The task:
Work through the listing below and give again exactly the lines from the one with "Морпіх Костянтин Оверко" to the one with "Christian Bale et", both ends included. All other lines and all pictures stay out.

Records to process:
________
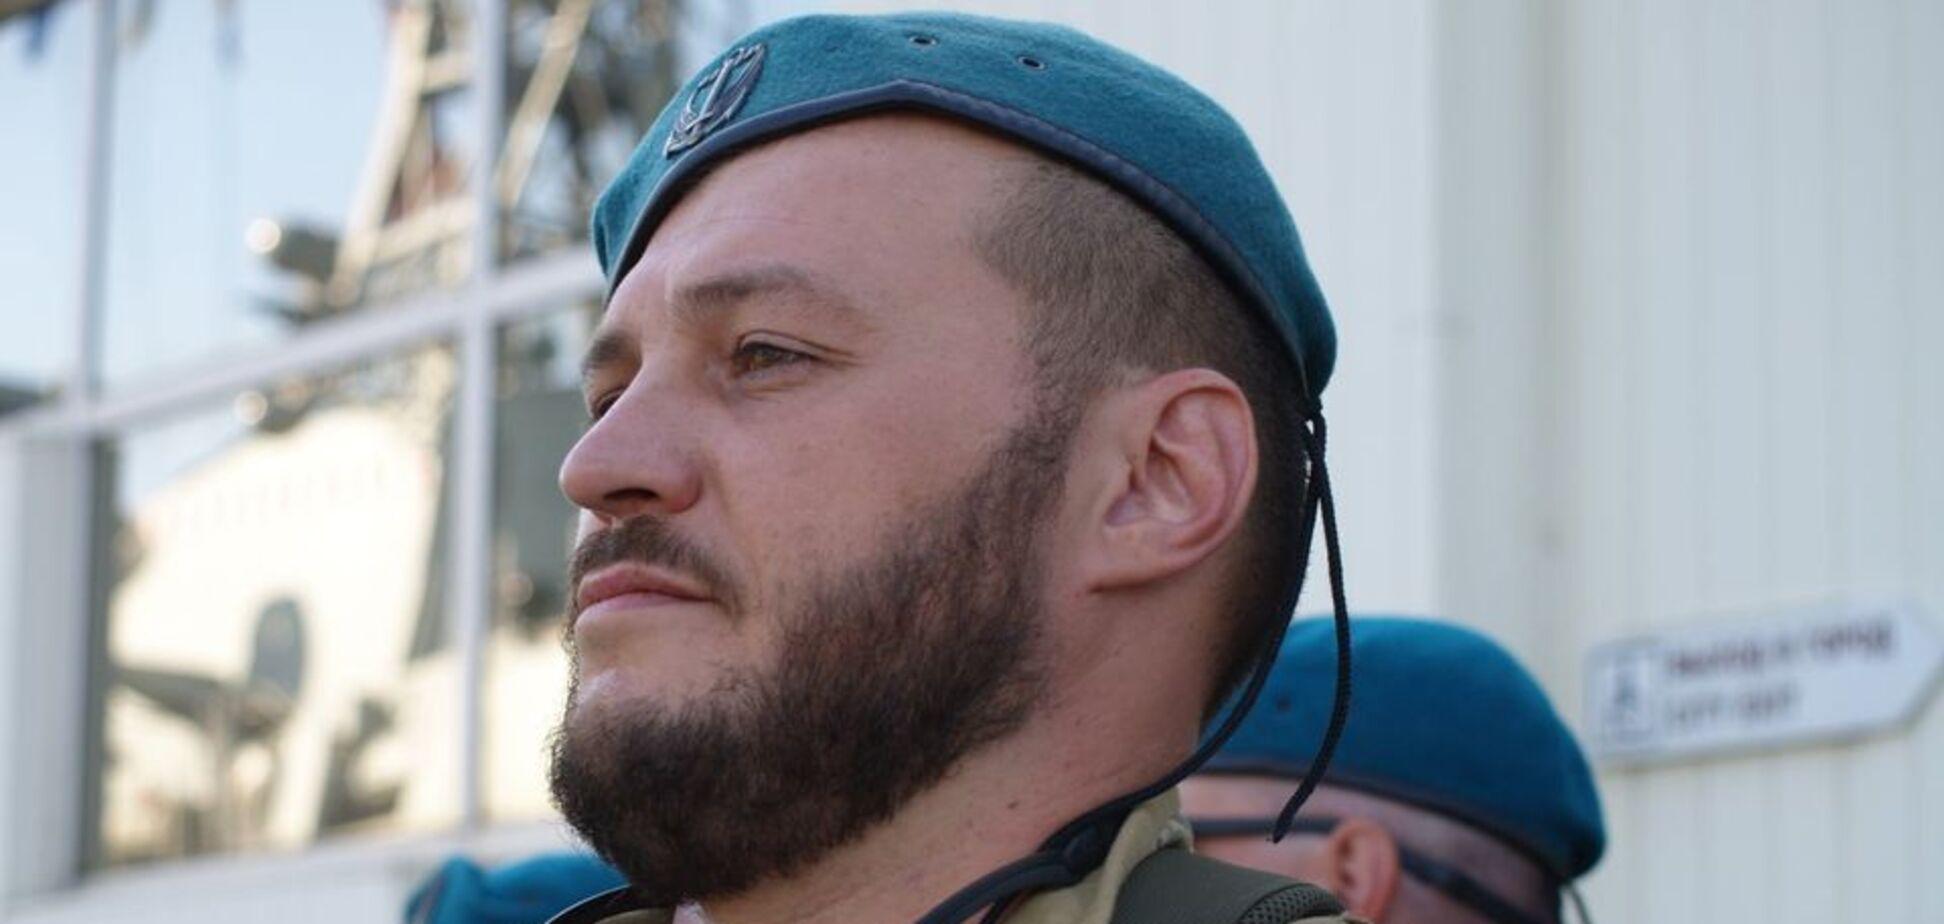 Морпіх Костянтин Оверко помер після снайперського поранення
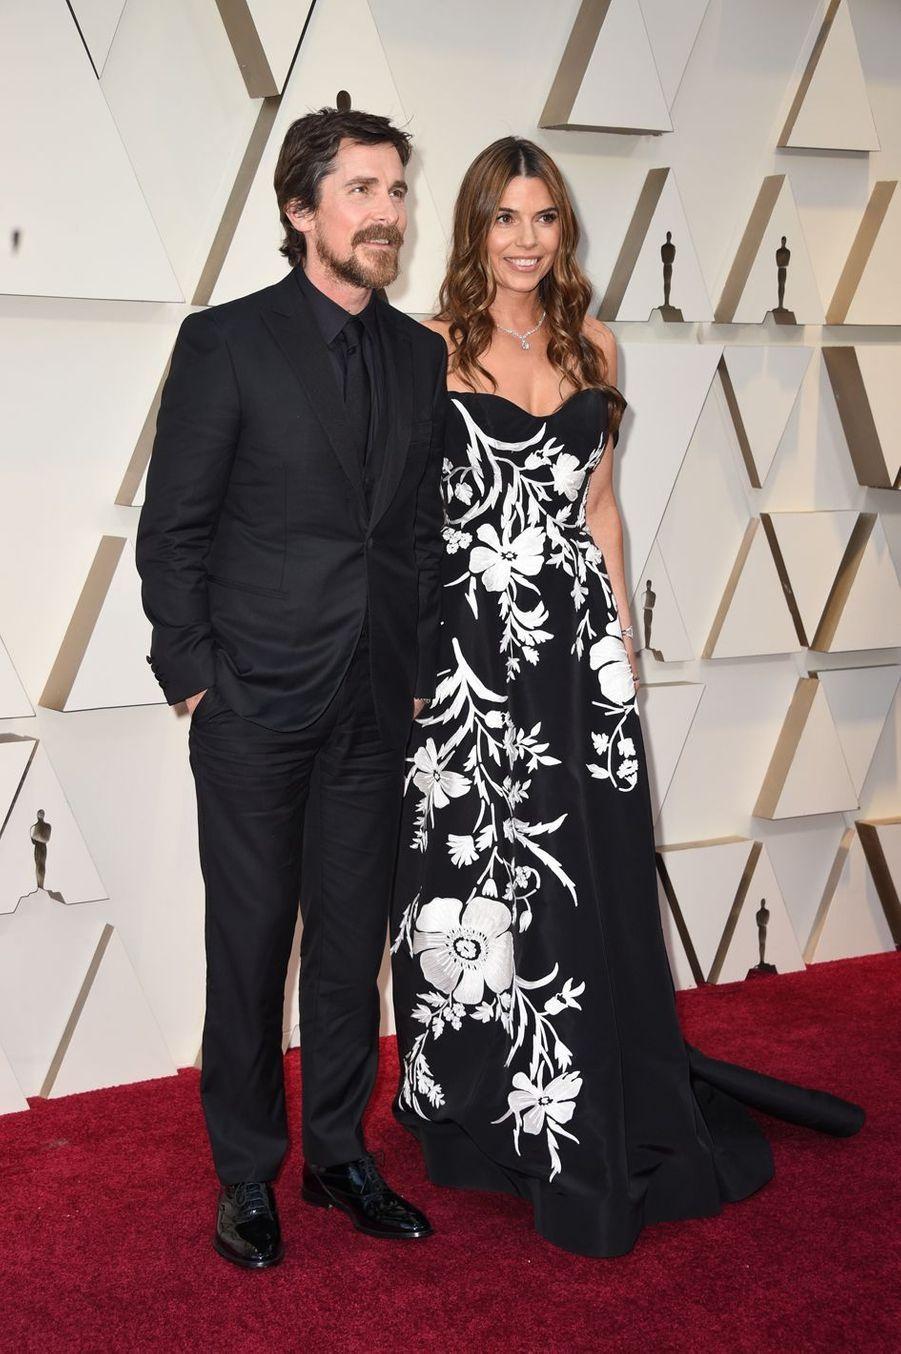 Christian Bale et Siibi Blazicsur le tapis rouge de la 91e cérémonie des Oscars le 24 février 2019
________
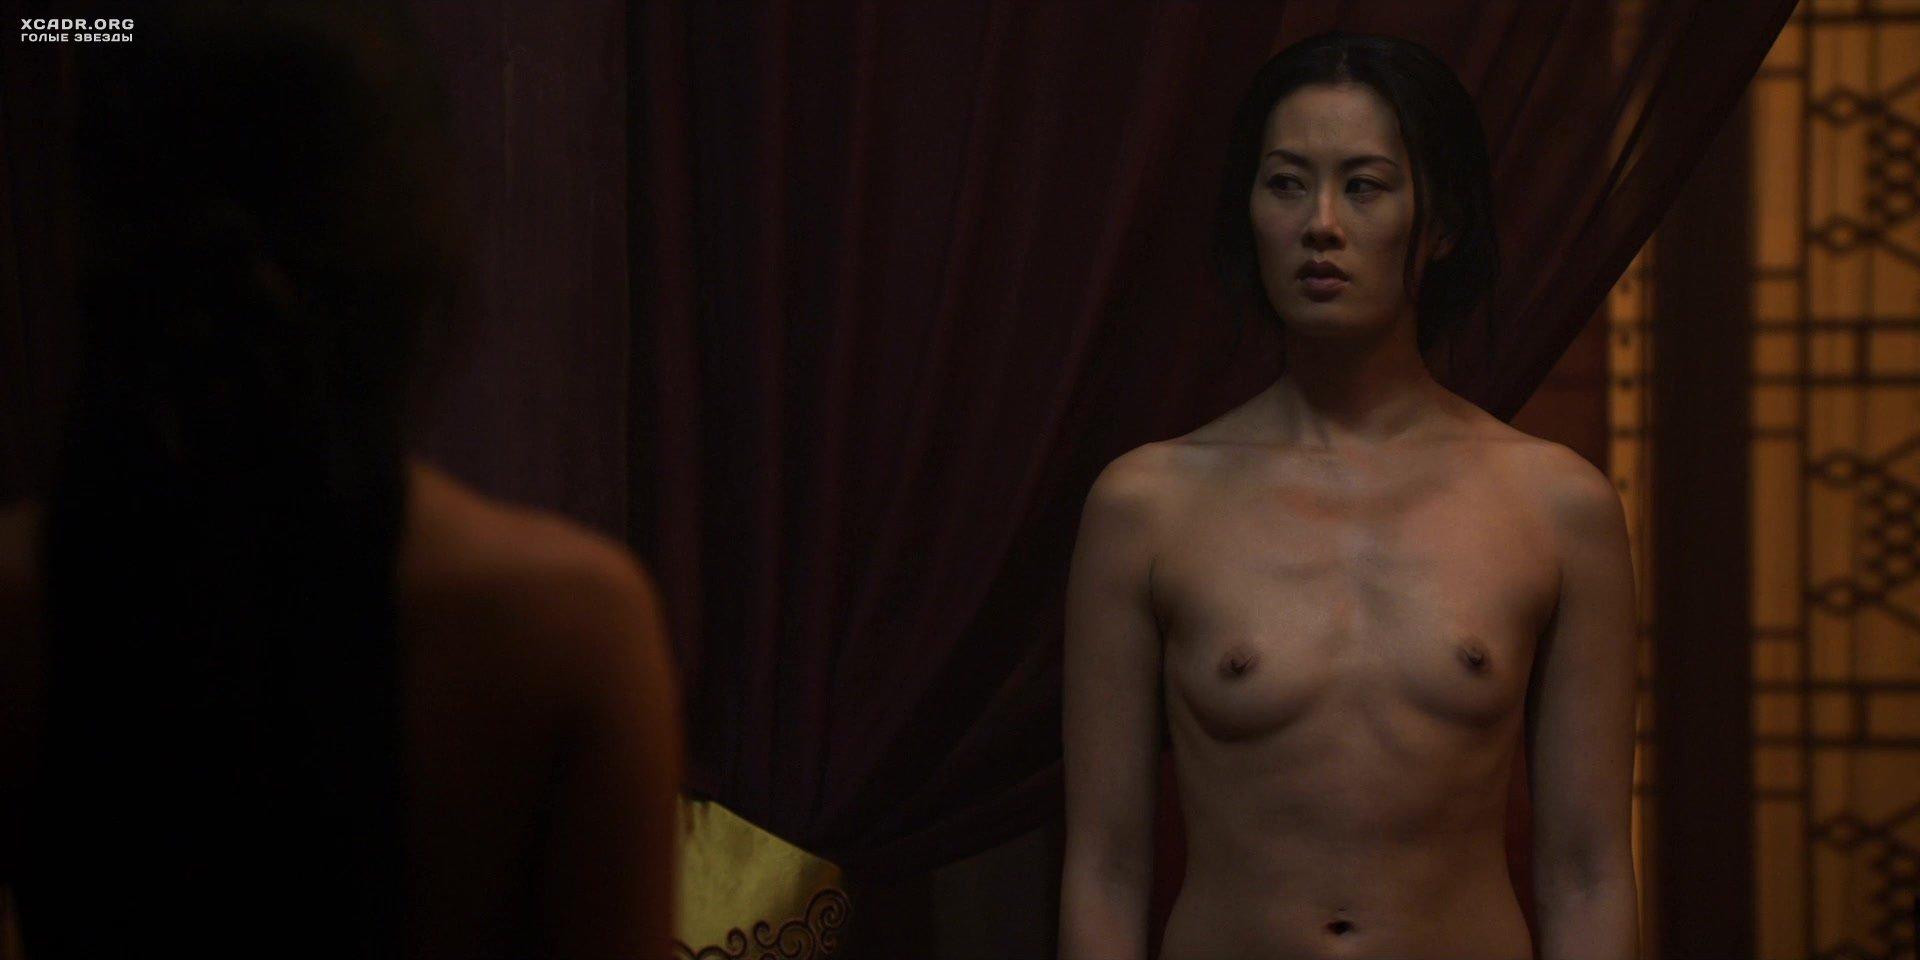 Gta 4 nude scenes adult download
________
Exercise answer:
 Морпіх Костянтин Оверко помер після снайперського поранення
 Christian Bale et Siibi Blazicsur le tapis rouge de la 91e cérémonie des Oscars le 24 février 2019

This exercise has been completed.